Assessment of the rotator cuff and glenoid labrum using an extremity MR system: MR results compared to surgical findings from a multi-center study.

Author information

1
National Musculoskeletal Imaging, Sunrise, Florida, USA.

Abstract

PURPOSE:

To conduct a multi-center assessment of the use of a 0.2-T, extremity MR system (E-scan; General Electric Lunar Corp. and Esaote, Genoa, Italy) for identifying tears of the rotator cuff and glenoid labrum.

MATERIALS AND METHODS:

A retrospective study was performed involving 160 patients (age range, 15-84 years old) from five facilities in the United States, comparing shoulder MR imaging to surgical findings.
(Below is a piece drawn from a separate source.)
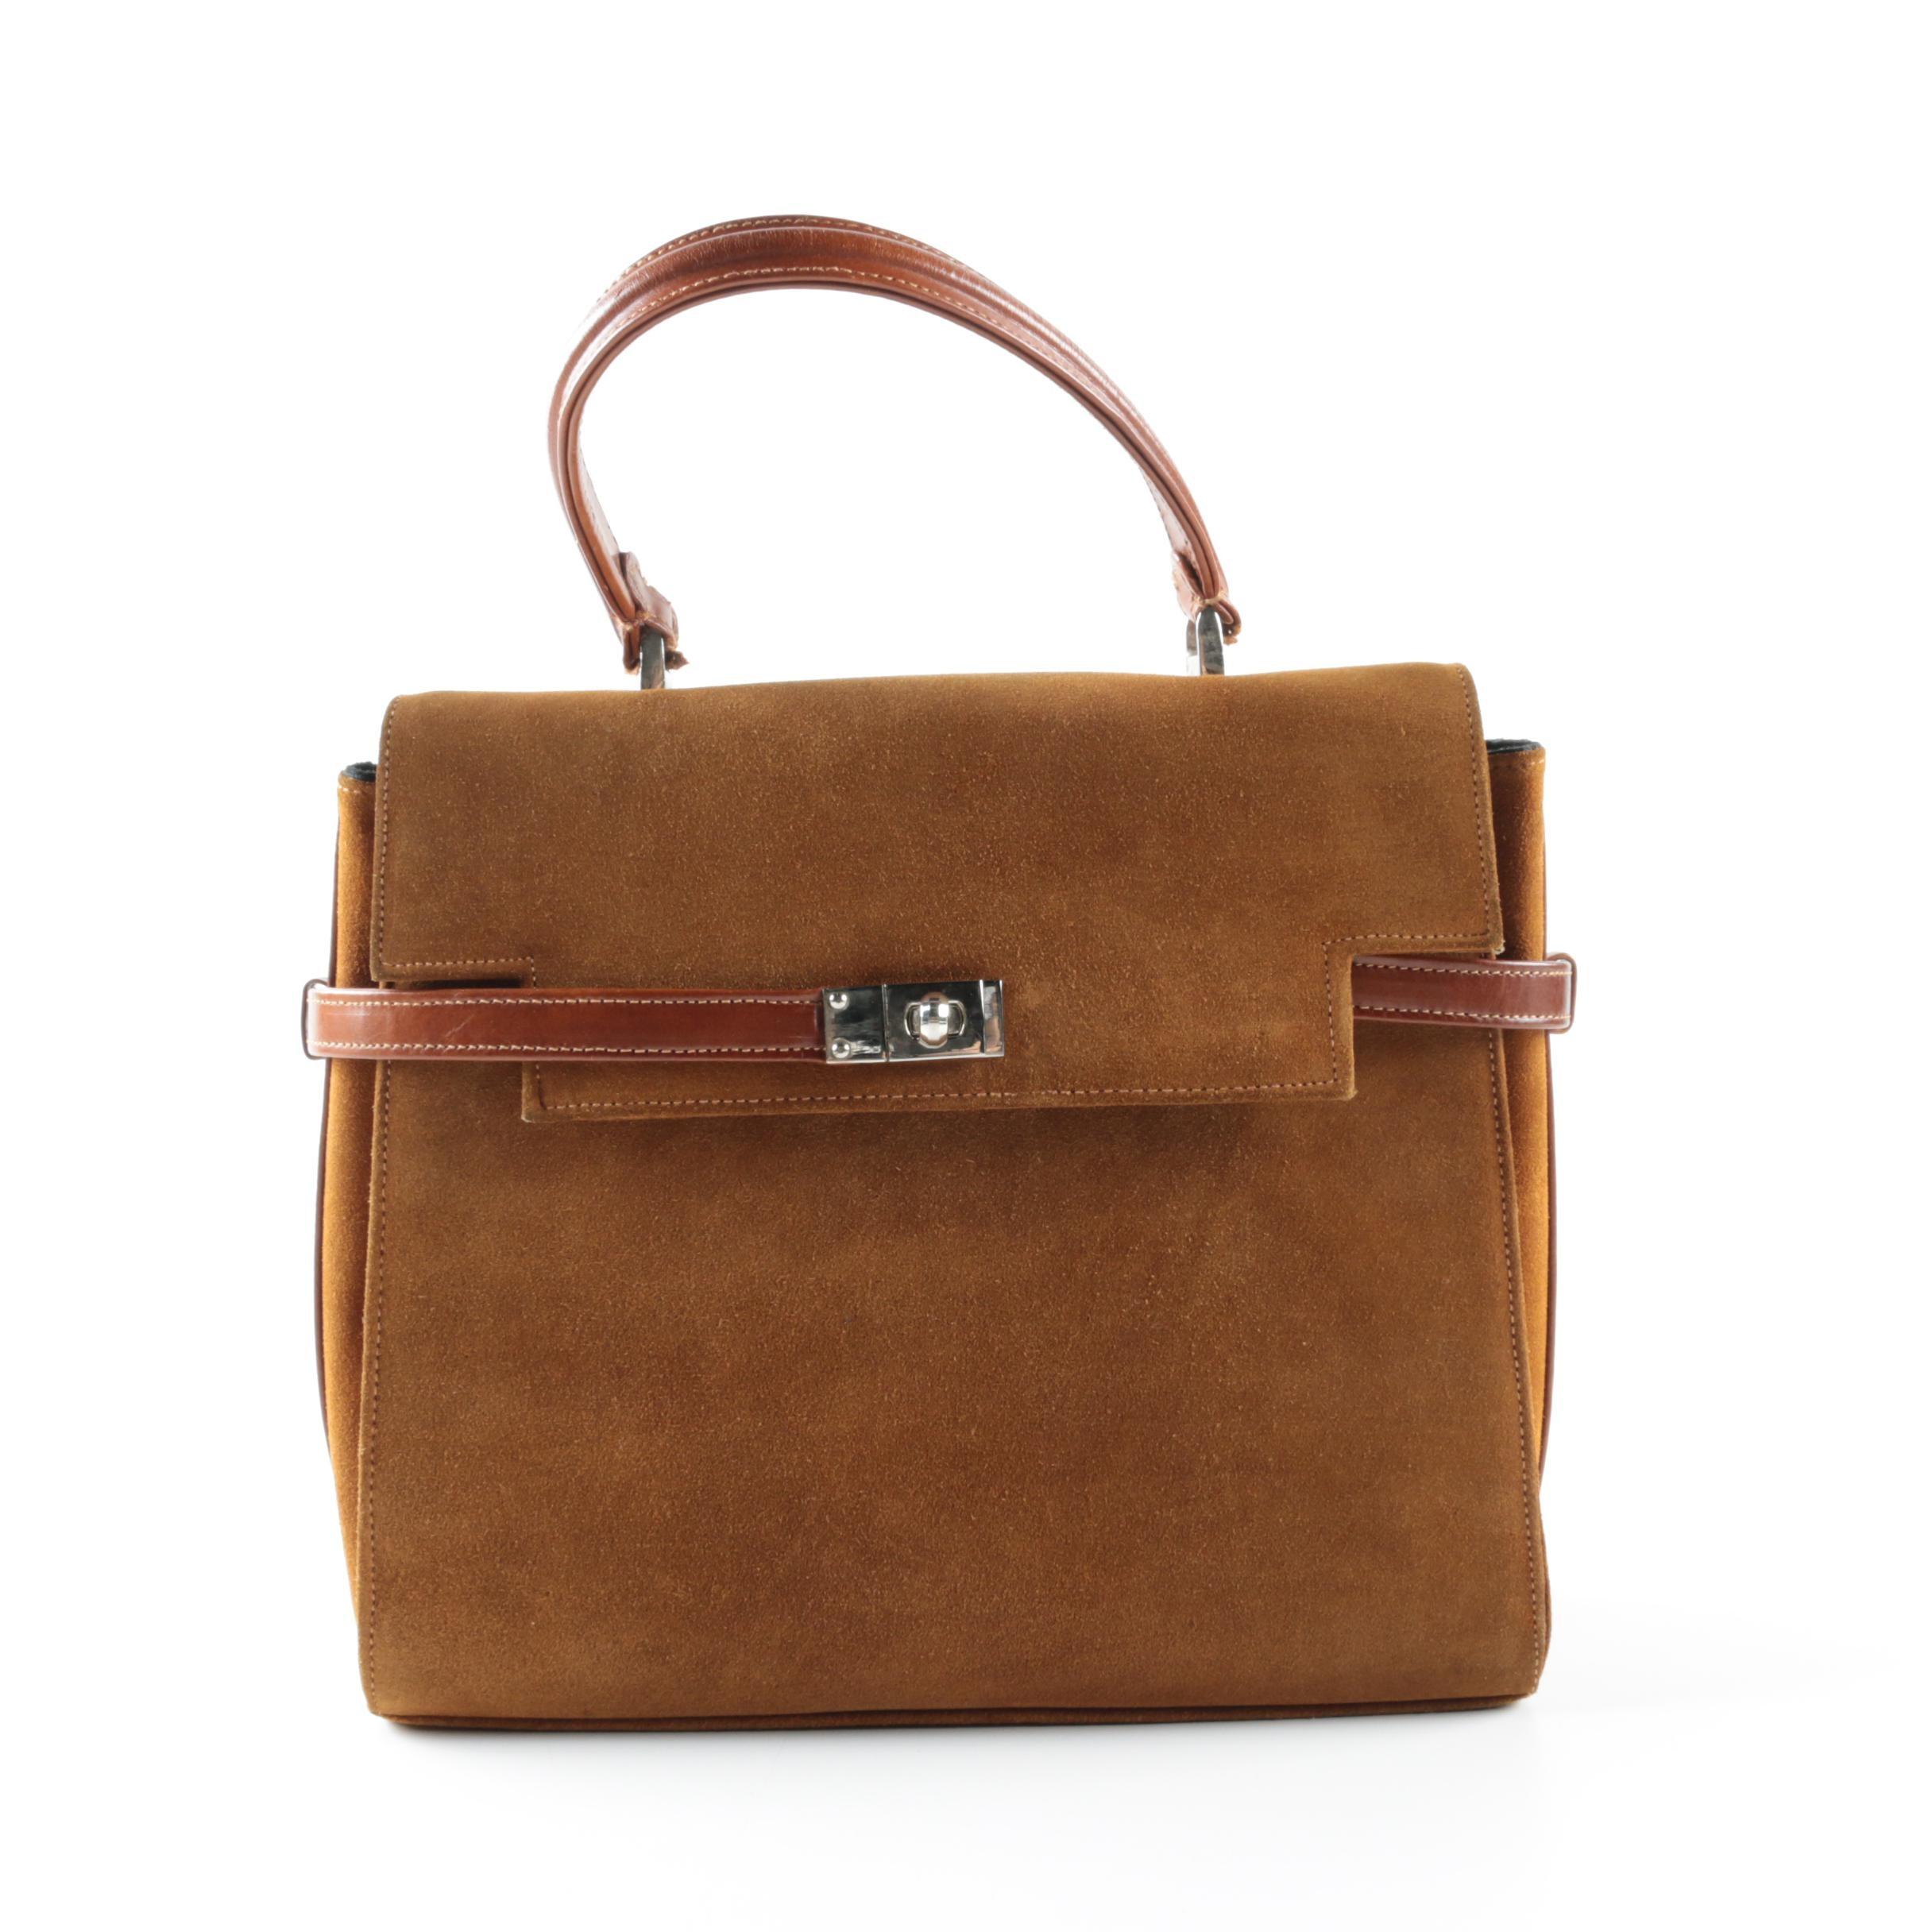 Vintage Suede and Leather Handbag
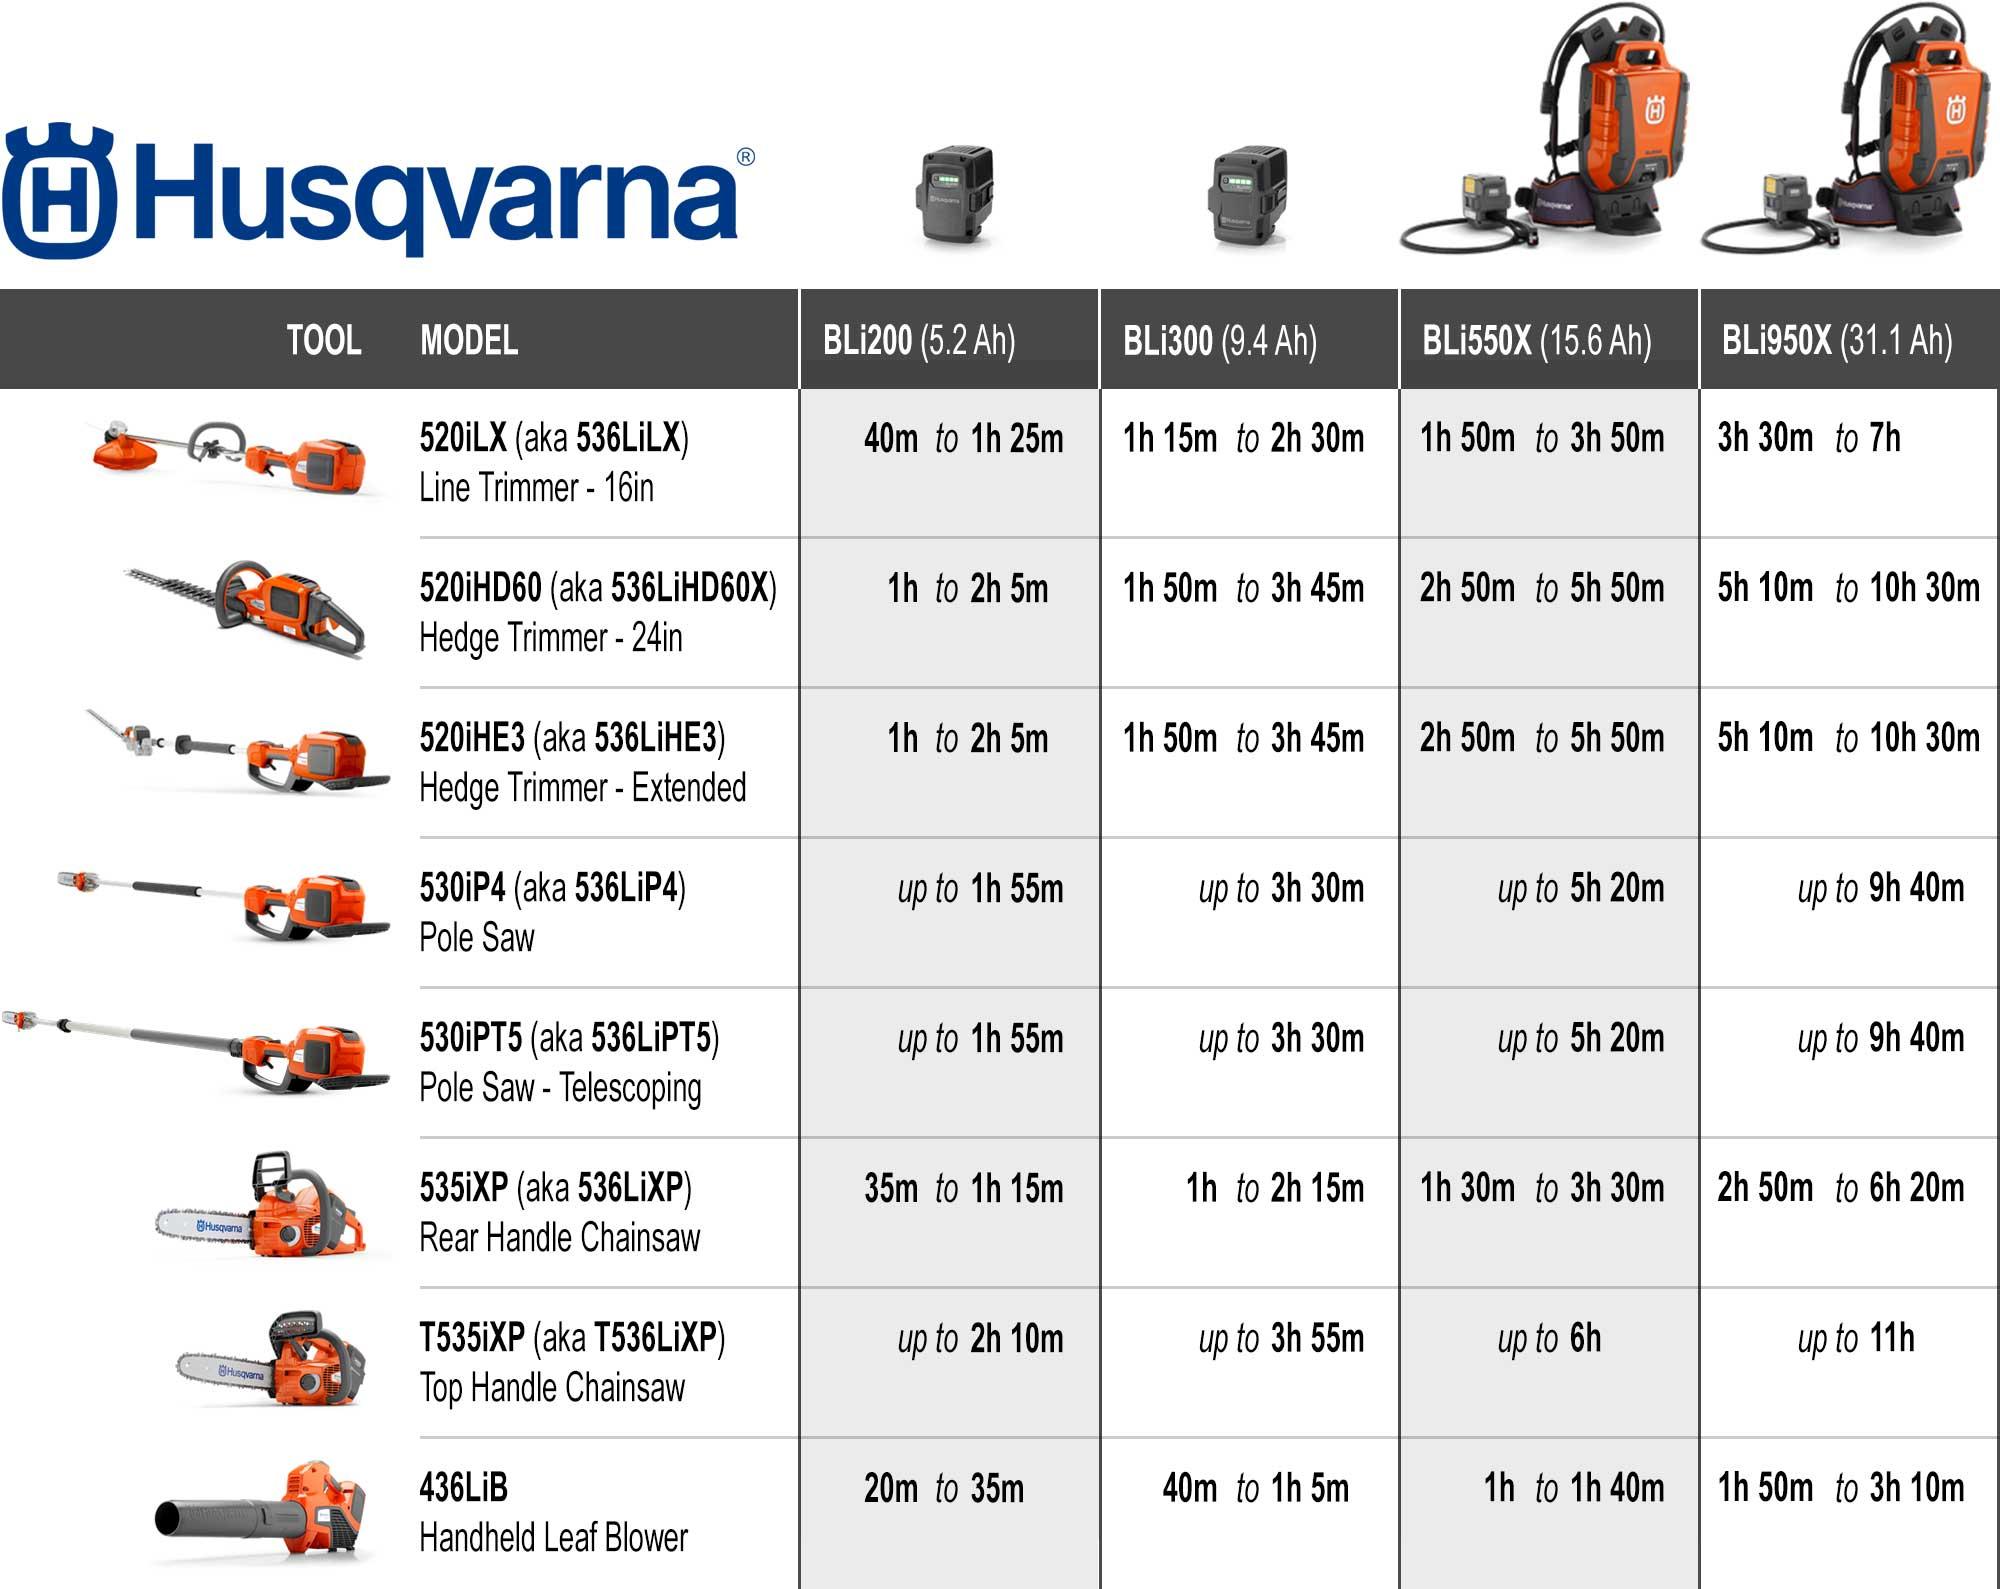 AGZA_HUSQVARNA_Battery_Charging_Chart_01_2000_MED.jpg

MR imaging of the shoulder was conducted as follows: shoulder coil; T1-weighted spin echo, coronal-oblique and axial images; short Tau inversion recovery (STIR), coronal-oblique images and axial images; and T2-weighted spin echo, coronal-oblique and sagittal-oblique images. The MR examinations were interpreted in an independent, prospective manner by two radiologists with extensive musculoskeletal MRI experience. Arthroscopic (N = 103) or open surgical (N = 57) procedures were performed within a mean of 53 days after MR imaging.

RESULTS:

Surgical findings demonstrated rotator cuff tears in 131 patients and labral tears in 60 patients. For the rotator cuff, the sensitivity, specificity, positive predictive value, and negative predictive value were 90%, 93%, 98%, and 68%, respectively. For the labrum, the sensitivity, specificity, positive predictive value, and negative predictive value were 55%, 100%, 100%, and 82%, respectively.

CONCLUSIONS:

There was good agreement when MR results obtained using the extremity MR system were compared to surgical findings for identifying rotator cuff tears, while the sensitivity of MR imaging for determining labral tears was relatively poor. Nevertheless, these findings were comparable to those reported in the peer-reviewed literature for MR systems operating at mid-, and high-field-strengths.

PMID:
15112313
DOI:
10.1002/jmri.20040
[Indexed for MEDLINE]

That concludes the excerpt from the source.